On Monday, the Chairman clearly articulated that addressing these barriers is the focus of this next phase of the E-rate modernization efforts:

We have updated the program to close the Wi-Fi gap. Next, we must close the Rural Fiber Gap. So, today, I would like to visit about the next steps in the evolution of the E-rate program. In particular I want to talk about two related issues that remain squarely before the Commission as we consider next steps in the E-rate modernization process: 1) closing the Rural Fiber Gap for schools and libraries, and 2) tackling the affordability challenge.

We know that with the majority of libraries still reporting speeds less than 10 Mbps, there is a long way to go before we can report the majority of libraries are closing in on the gigabit goal set by the Commission in July. And, we know that for most libraries the key to getting there is via a fiber connection regardless of locale.

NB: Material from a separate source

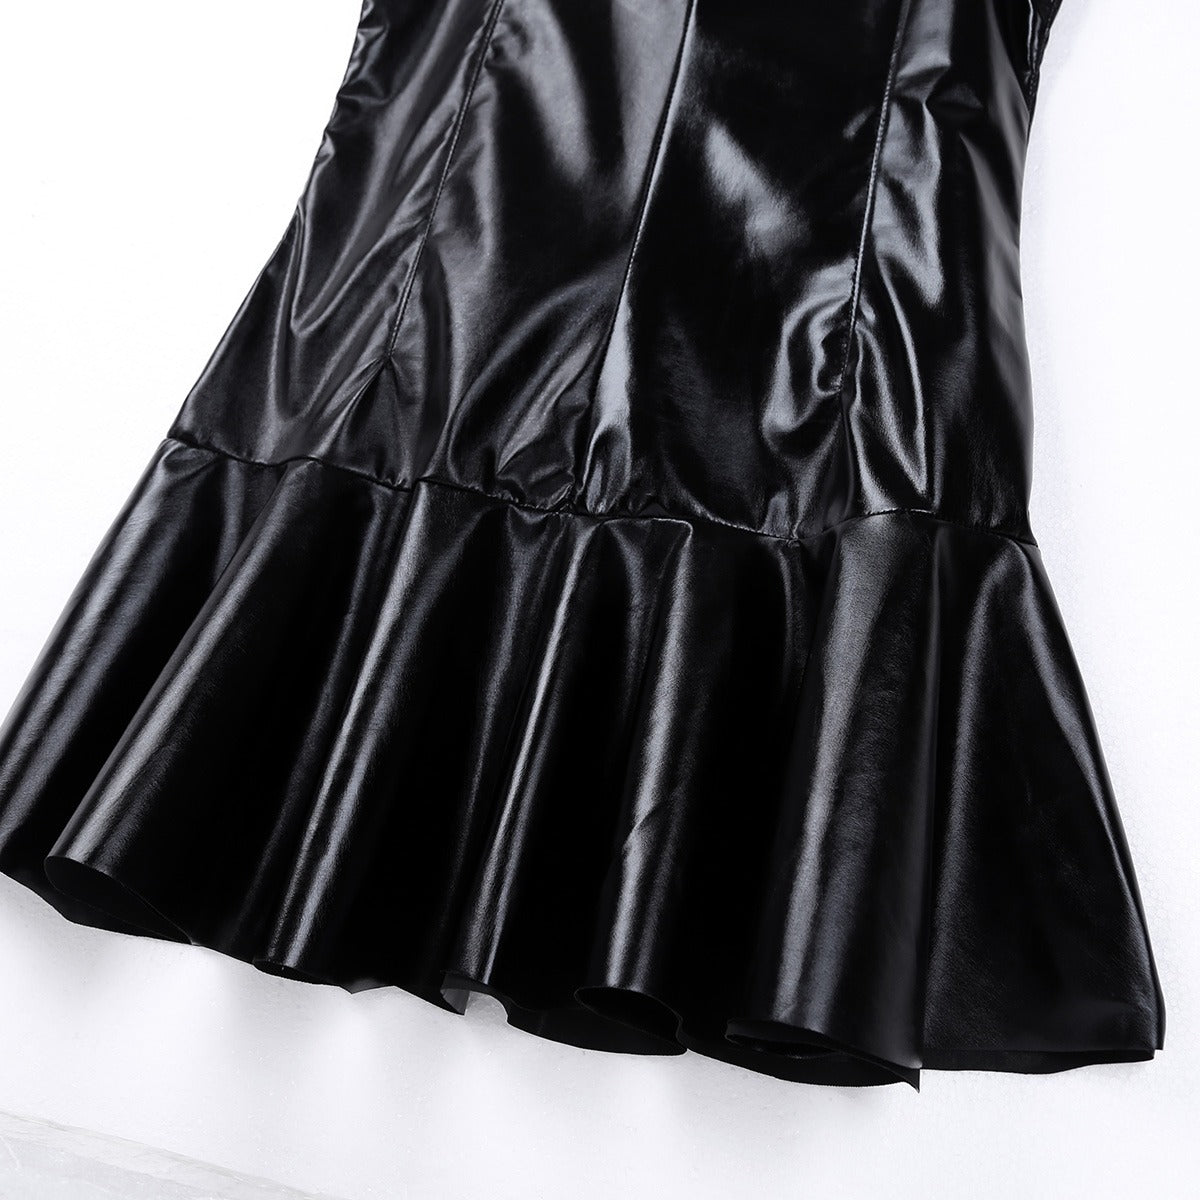 Womens Cocktail Dresses  in Black / Wetlook Babydoll PU Leather High Collar Bottom Flare Mini Dress - HARD'N'HEAVY

Our comments also stress the “affordability gap” and we call on the Commission to address both simultaneously, knowing that for many libraries fiber (or other technology) may be in the vicinity of the library, but the monthly cost of service is more than the library can afford so the library ends up saying, “no thank you.” Whether it’s a library struggling along at 3 Mbps to provide video conferencing and distance education services in a rural community; an urban library maxing out every day at 3:00 when school lets out and patrons on their own devices or at the library computers are feeling the stress on the library’s network; or a suburban library planning a multi-media lab and holding work skills classes, we know that two thirds of all libraries want to upgrade to higher speeds. The Commission has clearly opened the door to see that these upgrades can be done through the E-rate program—and that the recurring costs are subsequently affordable.

I would say that over the last year (and leading up to this current proceeding from our earlier work related to the National Broadband Plan in 2010) we worked hard to turn the national emphasis on broadband access and adoption in favor of libraries. with regards to E-rate, we repeatedly asked the question, how should the E-rate program look in the 21st century so that it can best meet the needs of 21st century libraries? Ensuring libraries have the broadband capacity they need is one critical way to shape the program.

A long-standing issue for ALA has been to see the program adequately funded. Our comments ask the Commission to take up the funding challenge, knowing that upgrades will both require immediate investment and likely incur greater monthly costs for service. The data gathering by the Commission and by stakeholders (in addition to the careful review of current program spending, fine-tuning of eligible services, and encouraging economies of scale) will work as guide posts for determining future funding needs of the program. Chairman Wheeler clearly opened the funding door as well and we are confident that “right sizing” the fund for the long haul is firmly on the agenda.

All told, I think we are slowly exhaling. In part because we submitted the reply comments well before the midnight deadline, but really because while we have made some subtle gains over the course of the year’s work (and some not so subtle, perhaps), what we heard from the Chairman on Monday can be read as the Commission making good on its commitment to addressing the “to the library” issue.

There is quite a bit of distance between remarks made in a speech and a Commission order, but the Chairman set an agenda for the E-rate review and modernization and to date, has accomplished much of that agenda. Going from rulemaking to order is an example of the art of compromise and we look forward to helping shape the process. In June in Las Vegas, the E-rate stakes were pretty high. This October in D.C. they will be even higher, but before we deal the last hand, we can step back briefly and quietly say “woo hoo.”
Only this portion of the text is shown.